Ten years and 50 million views ago, 92-year-old Henry Dryer’s message jolted us out of complacency. He single-handedly shattered the common misconception that dementia means you are no longer yourself, no longer “there.”
Largely unresponsive for years, he “lit up” when listening to a Cab Calloway song that prompted him to share his life story. Henry’s recorded experience led to the award-winning documentary Alive Inside and made tangible the profound benefits of hearing favorite music.
Why did this six-minute video that prompted 50,000 comments become the most viewed video on anything related to Alzheimer’s and dementia globally? It shattered the myth that there is no one there, that your personhood has vanished. Nothing could be further from the truth!
Even still, many are terrified by a dementia diagnosis. It scares off people who fear that their friend or family member is “gone.” Compounding that reaction, ageism runs deep. Add in cognitive changes to the stigma that often accompanies the diagnosis, and people act as if their loved one is no longer there.
Listen to persons with dementia speak, however, and they’ll tell you that we have it all wrong. True, they may swing between more and less clarity or brain fog from day to day, but it will probably be years until dementia becomes severe. We need to pay attention to their experiences and respect their personhood.
Personal Music Is Powerful “Medicine” for People with Dementia
What can music do? Plenty. The late Dr. Peter Davies, inventor of Aricept and Exelon, drugs that are often prescribed for dementia, observed that if only he could figure out how a medication could generate the same positive impact as personal music, it would quickly become a multi-billion-dollar blockbuster drug.
Wait a minute—you mean we have a medicine that delays, reduces, even prevents some of the symptoms of dementia? And that medicine is music? True, there is no cure for the disease. But we know that we can transform quality of life with regular access to the right music.
So, why is it that future healthcare professionals—doctors, nurses, social workers—typically receive minimal or no training on dementia care? Why are we not teaching young adults about dementia and how they can help by setting up someone with their favorite music? What a beautiful way to connect young and old that benefits both!
According to Manon Bruinsma, Director of Music & Memory in the Netherlands, the viral Henry video “has changed the idea of what we can do with people with dementia. It is now part of regular care. People are aware that music can work wonders with dementia.”
How to Change the Dementia Status Quo
Every family, long-term care setting, neurologist, psychiatrist, and geriatrician can make sure that each person in their care stays connected with their favorite music. But fewer than 10 percent of nursing homes make this happen. The CDC reports nursing home residents experience an average of 11 minutes of any kind of meaningful activity daily. That average for assisted living is 20 minutes. During the worst of the pandemic, most residents received zero meaningful activity, resulting in accelerated physical and mental decline.
What should we do? While many U.S. nursing homes strive to provide best-practice dementia care, the sad fact is that many others do not. With no solid guidance from the federal government requiring best-practice, non-pharmacological care for people with dementia, only those with either the means or determined leadership (or both) will get what they need.

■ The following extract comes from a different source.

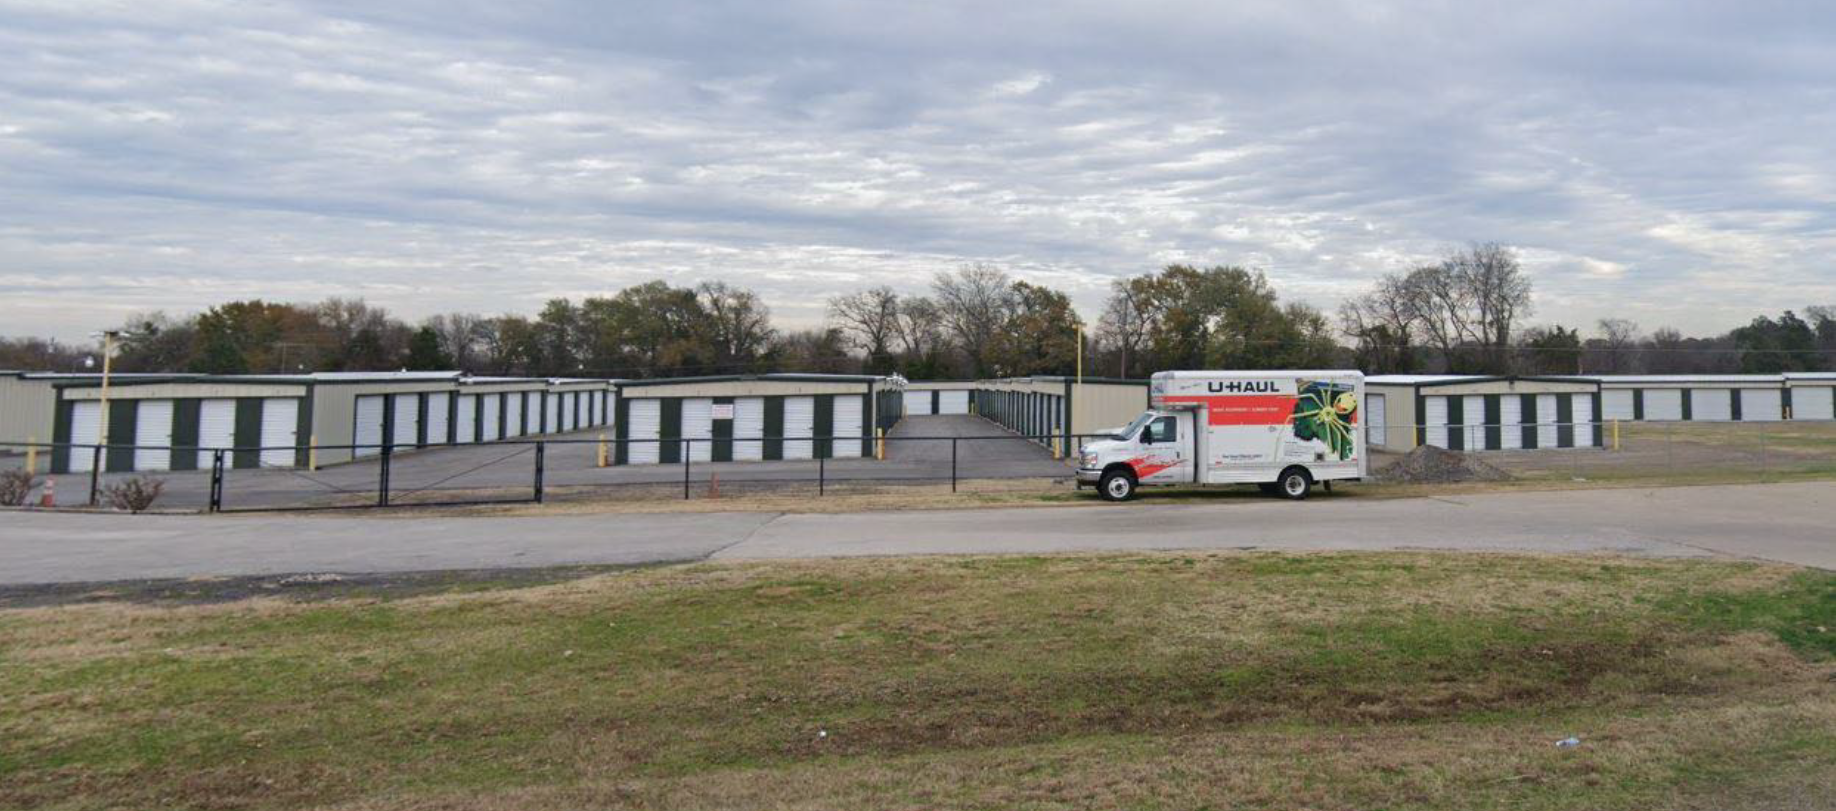 storage facility with full perimeter fence and rental truck

We need to pay as much attention to each person’s psychosocial well-being as we do to their medications. Are people spending each day doing what they prefer, or does the schedule reflect what works best for the organization? No matter what, people will get their three meals a day and meds on time. Can we make the same guarantee that people have meaning, purpose, and quality social interactions every day?

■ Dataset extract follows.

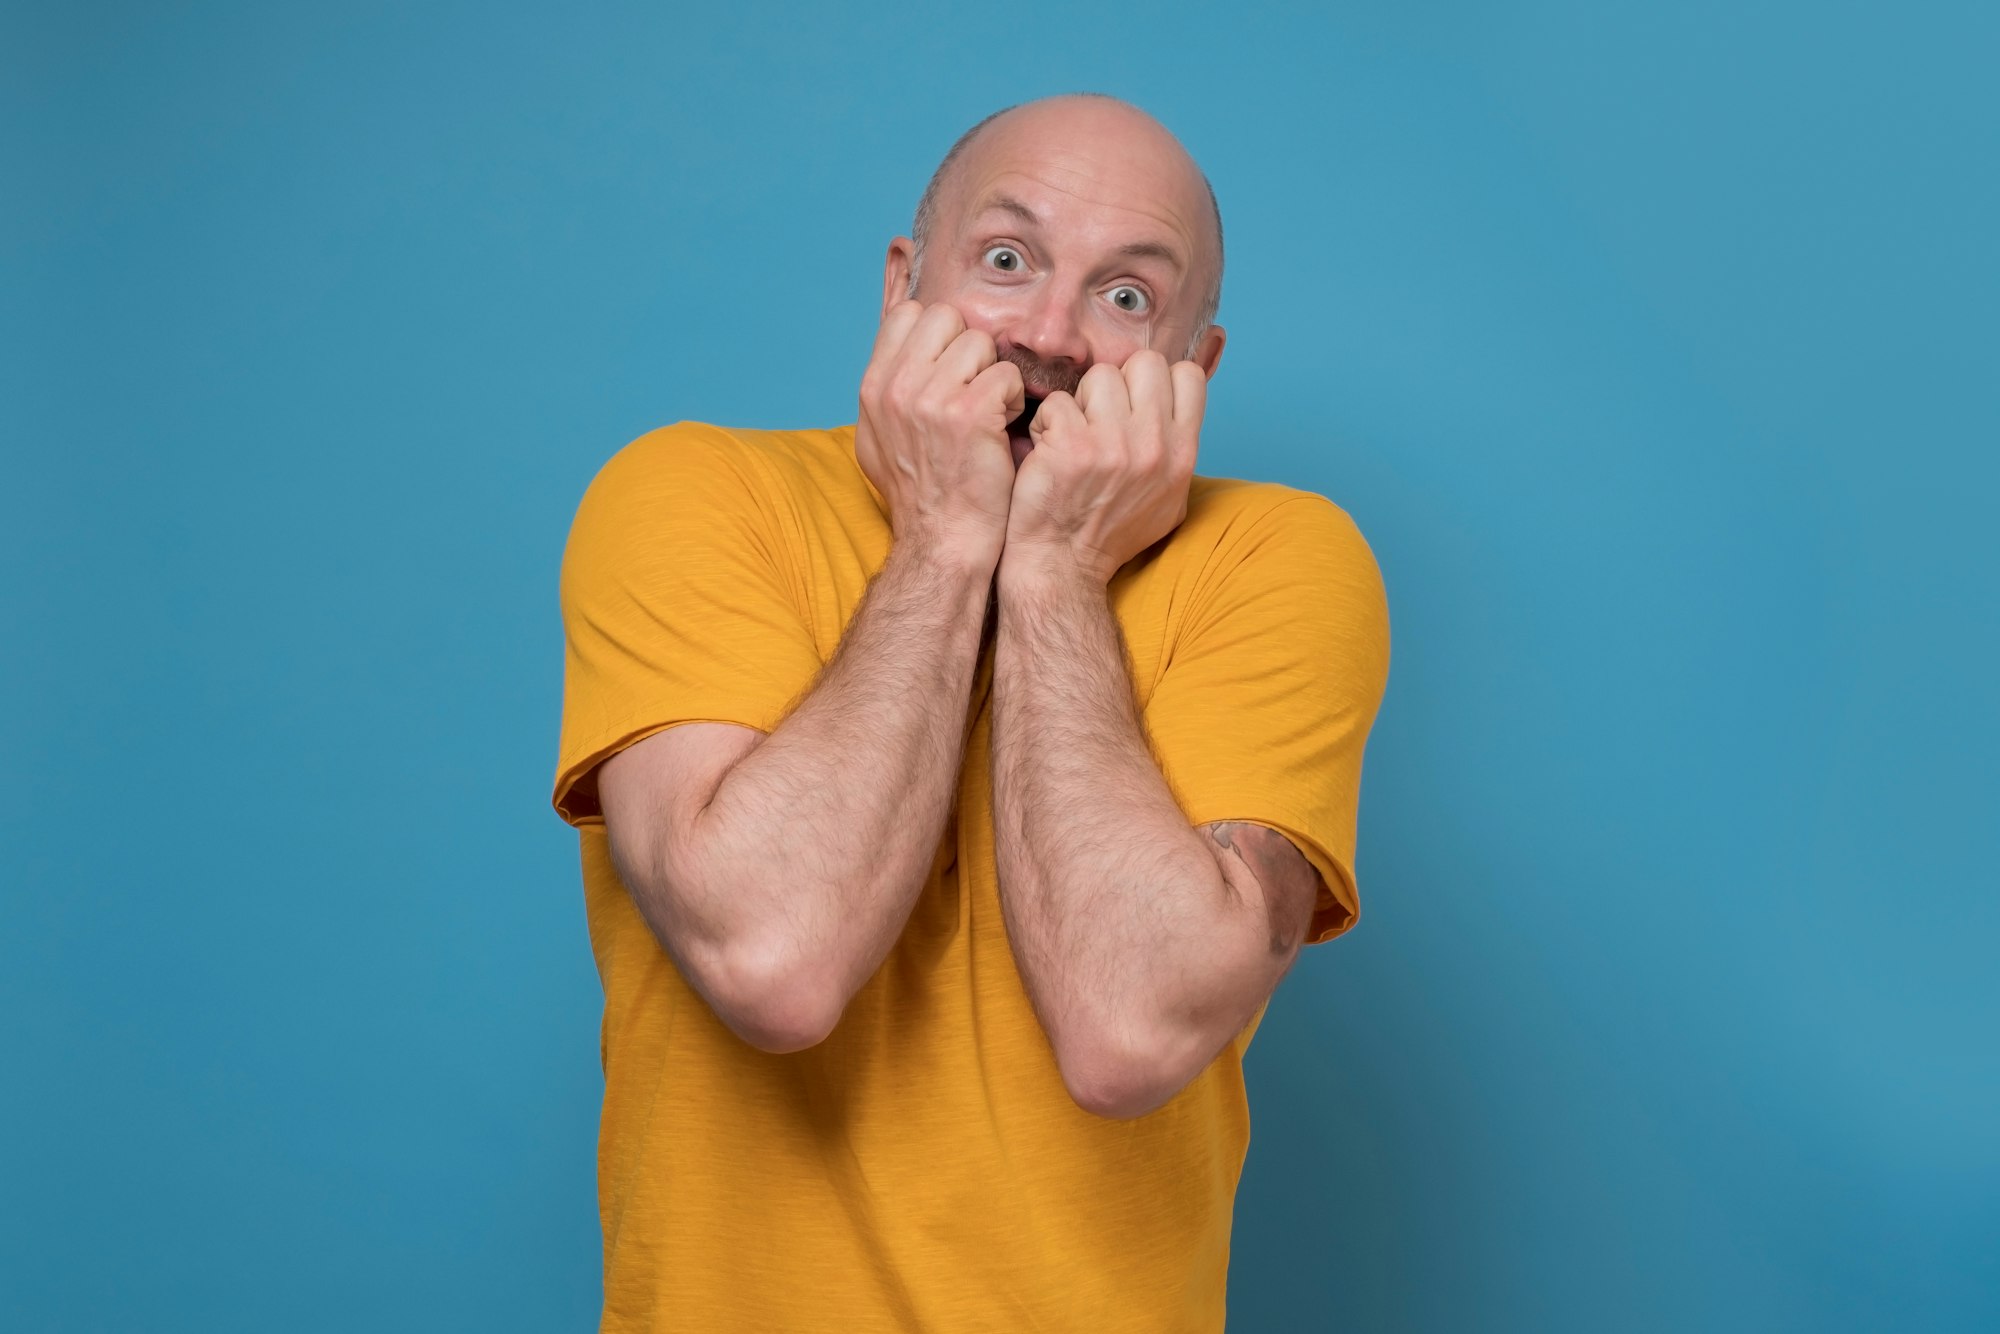 Mature man covering mouth with hands experiencing deep astonishment

Our happiness can be measured by the number of close friends we have. With age and dementia, music can spark interactions and help to grow relationships. One young woman, who clashed with her mother in recent years, found that when her mother heard a familiar song from an earlier time, they were able to make a breakthrough, reconnecting and establishing a better phase in their relationship.

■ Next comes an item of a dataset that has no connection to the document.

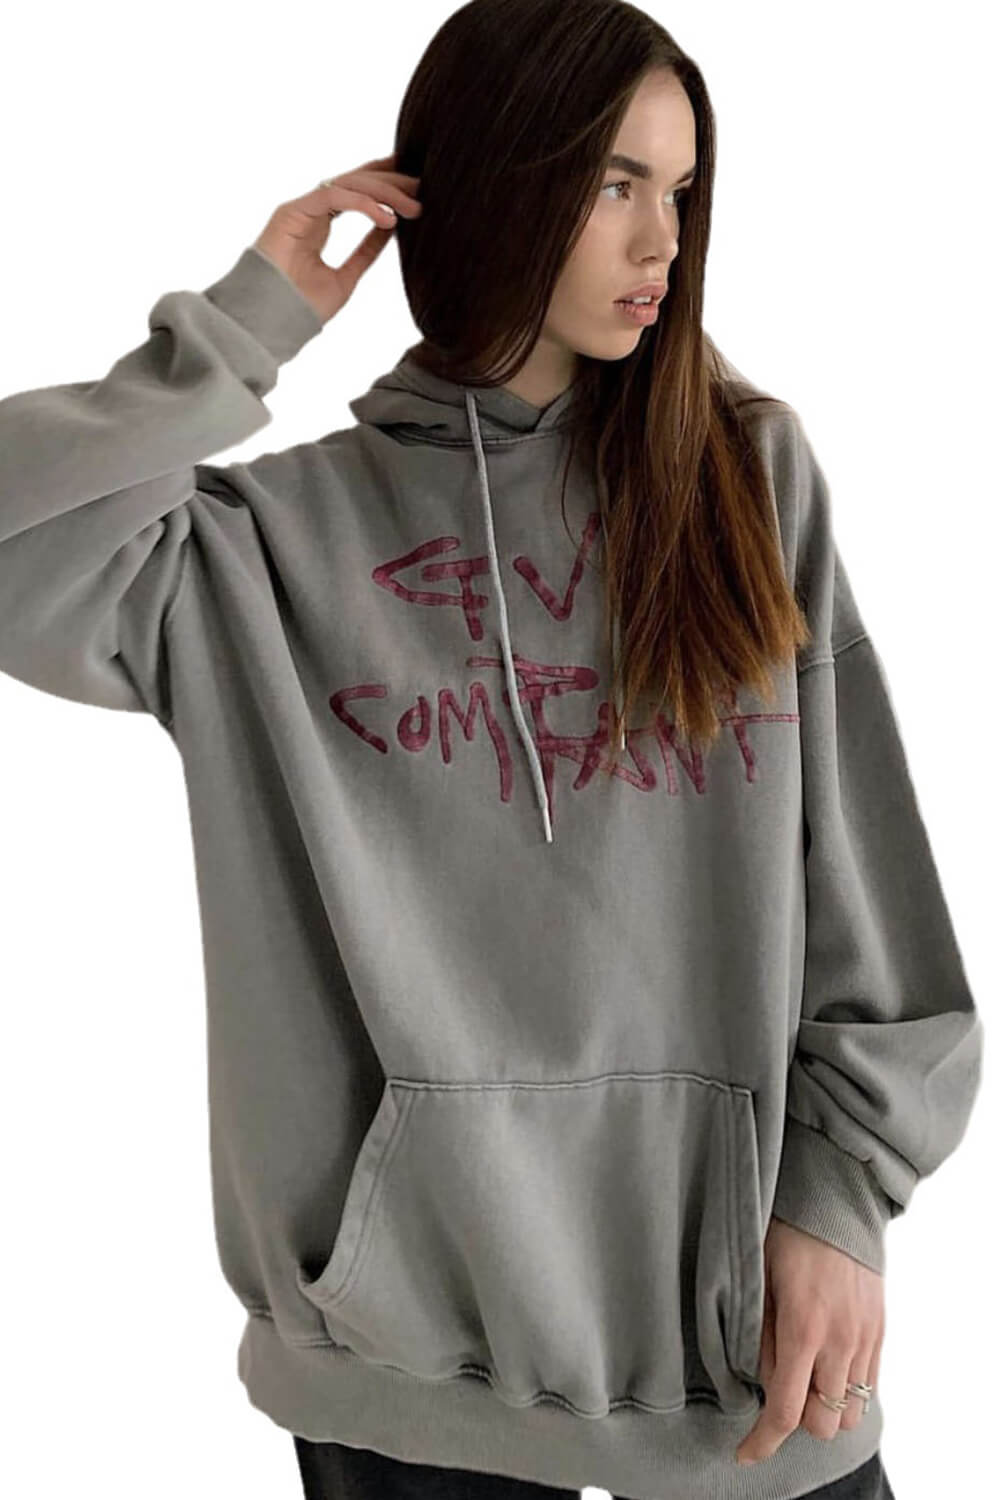 Gvr Company' Drawstring Oversized Pullover Hoodie

A steady stream of research documents music’s ability to improve our mood, mobility, speech and appetite, as well as reduce depression, anxiety, pain, falls, brain fog, delirium, and, for those who care for us, caregiver stress.
Henry’s Impact on the Dementia Forefront
Like Henry, so often people who sit for months, even years without uttering a word, “awaken” to the music. People may dance or sing. The key is finding music that each individual loves, and the sooner, the better.
Henry’s legacy, his stand-alone video and starring role in the award-winning documentary Alive Inside, has had many ripple effects. Middle schools to medical schools continue to show Henry and Alive Inside as part of curricula. Music apps such as MemoryTracks, musiccare CONNECT, and Vera are all pushing the technology to deliver the right music to individual users with greater ease. Widely adopted programs such as Java Music Club, Music & Memory, and Singfit add a uniquely beneficial approach to quality of life in long-term care settings. Advocacy and collaborative efforts such as Music for Dementia in the UK and my own Right to Music strive to facilitate universal adoption.
Henry’s story counterbalances dementia’s fearsome reputation that has spread through the experiences of people like Glenn Campbell, Tony Bennett, Rosa Parks, Ronald Reagan, Sugar Ray Robinson, and Robin Williams. But we need to do more. And we can do more for all those who could use our help today. Music is one of the easiest ways to improve someone’s day.